**Input data**
****************

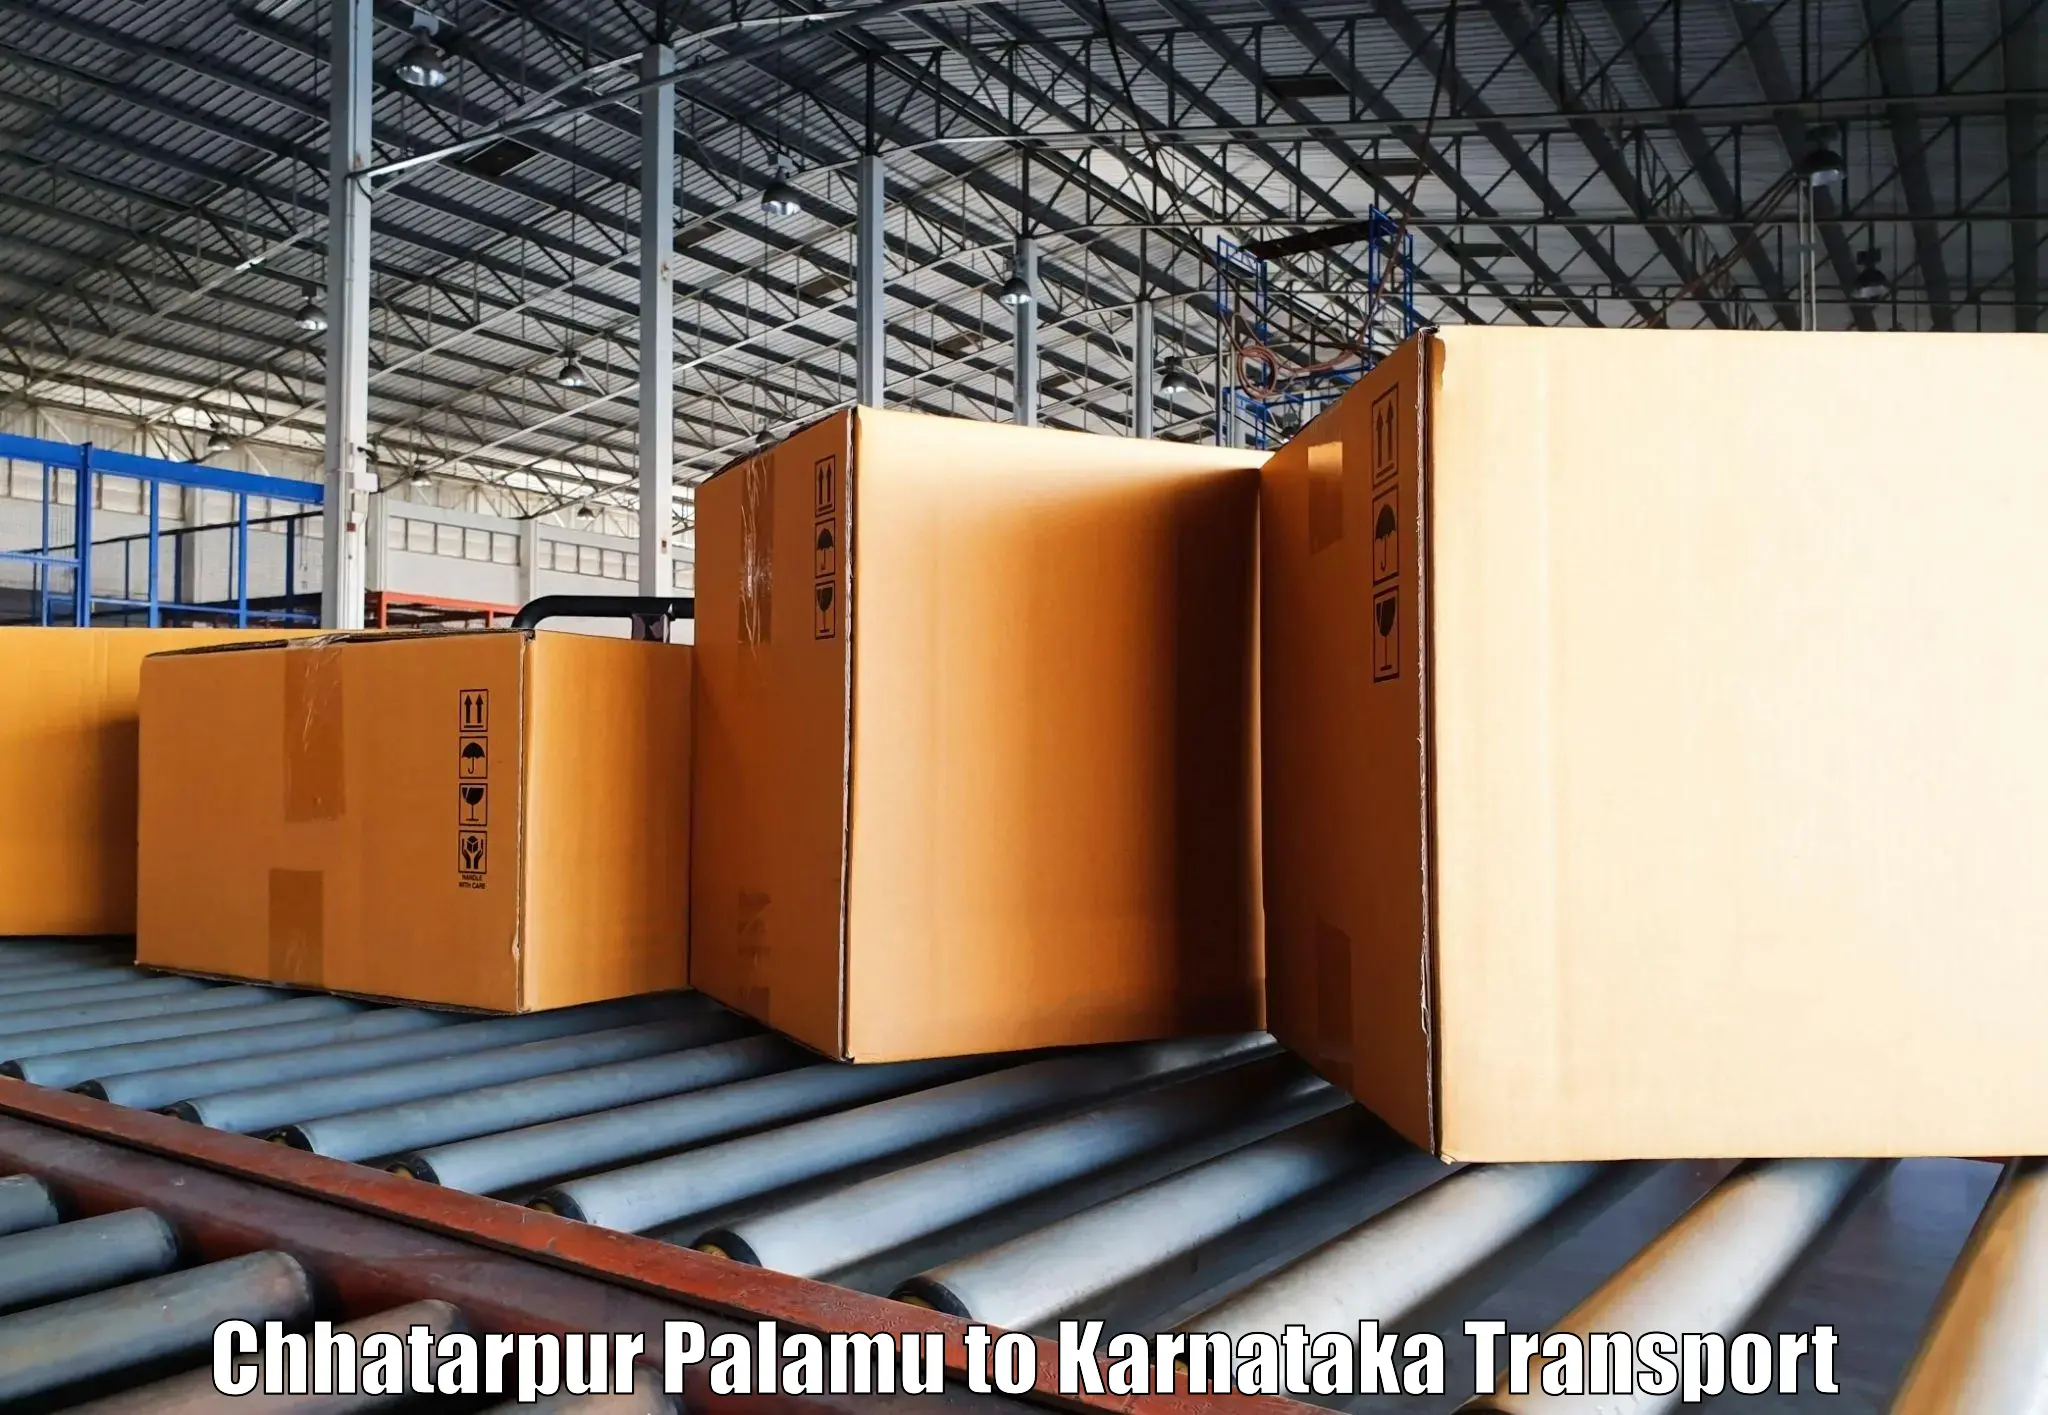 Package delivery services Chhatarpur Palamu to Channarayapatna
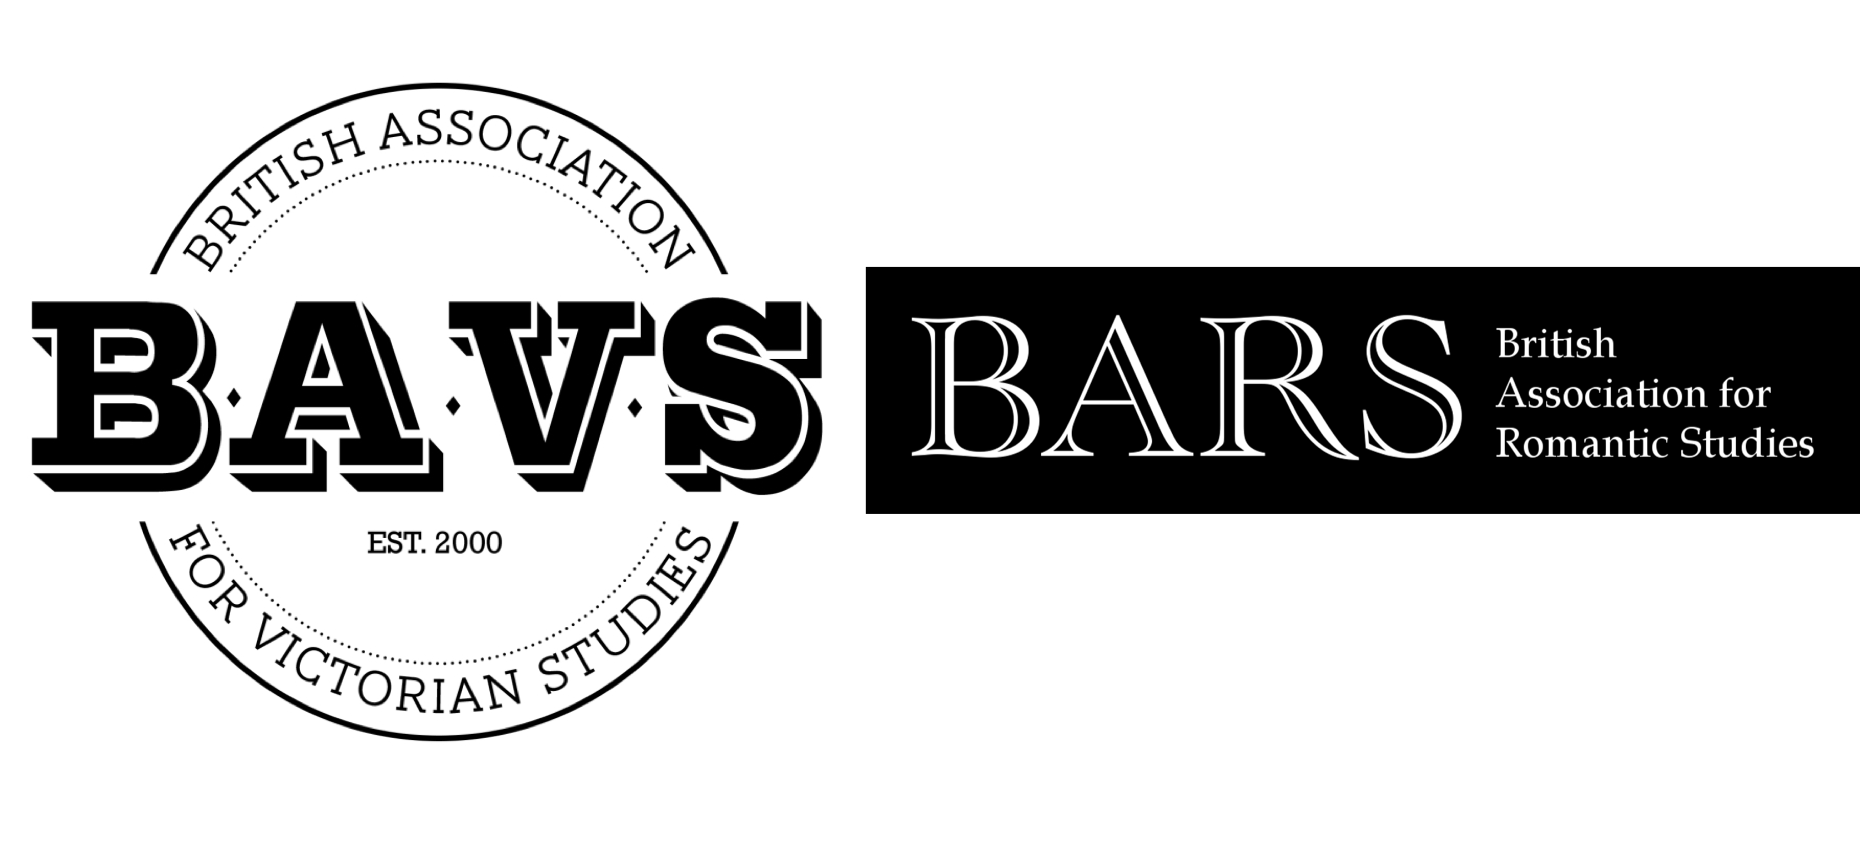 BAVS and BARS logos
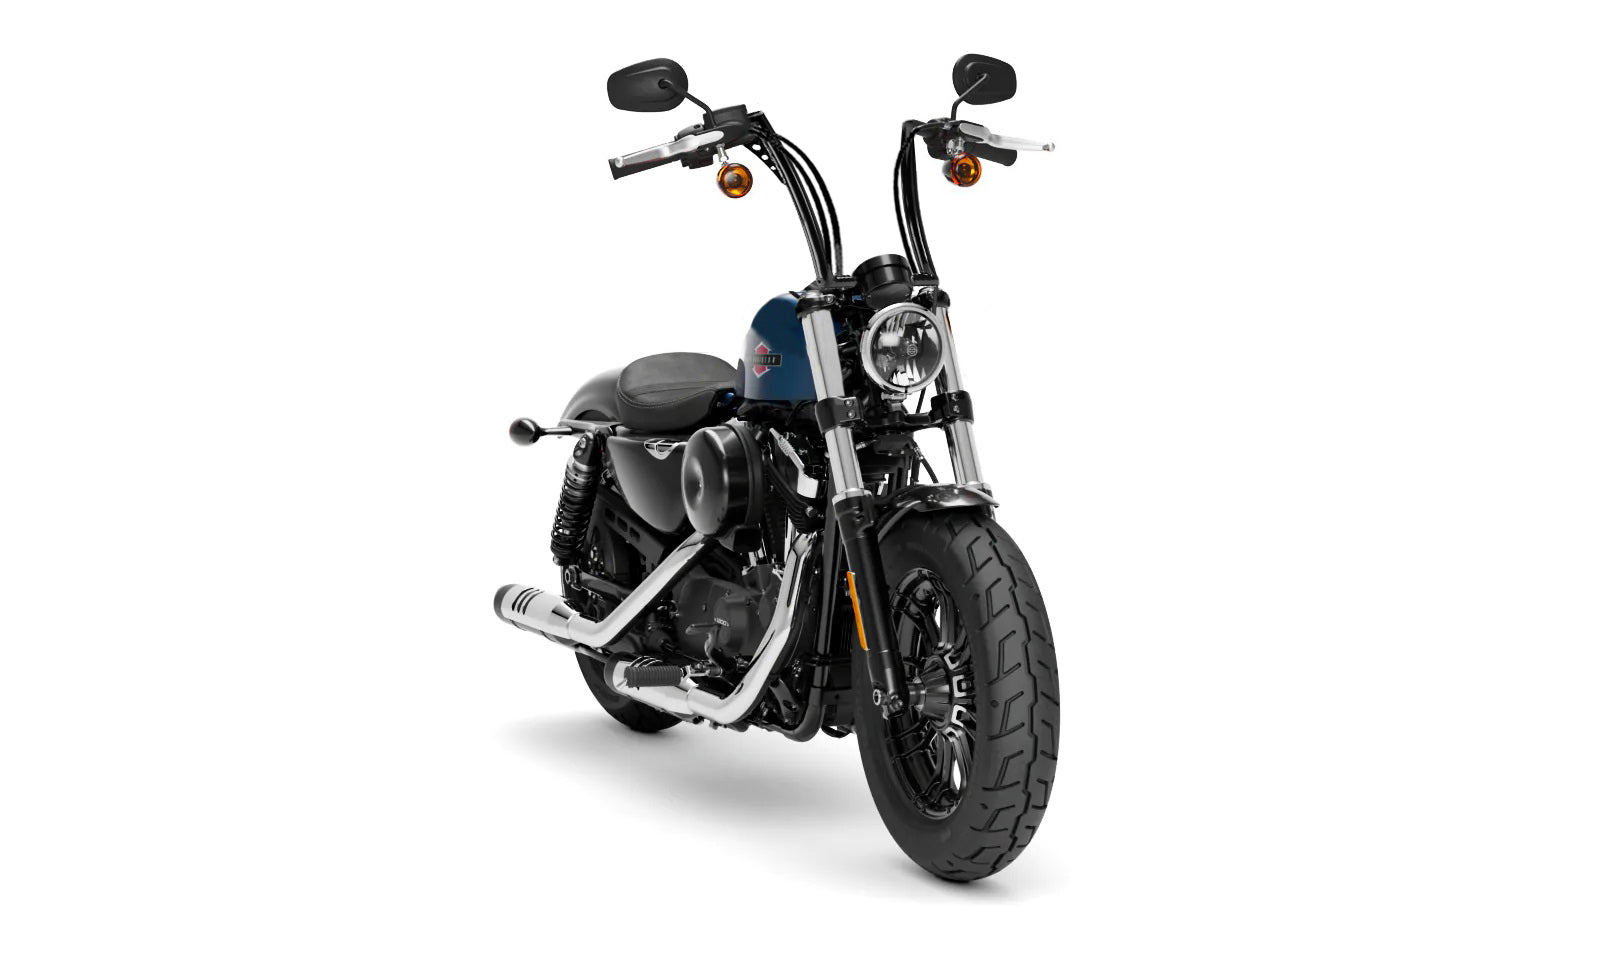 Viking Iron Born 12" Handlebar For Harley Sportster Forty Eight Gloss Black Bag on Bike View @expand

****************

**Problem description**
Write out, word for word, the lines running from the one containing "BAVS and BARS logos" to the end of the data above; the pictures are to be left out.

**Problem solution**
 BAVS and BARS logos
 Viking Iron Born 12" Handlebar For Harley Sportster Forty Eight Gloss Black Bag on Bike View @expand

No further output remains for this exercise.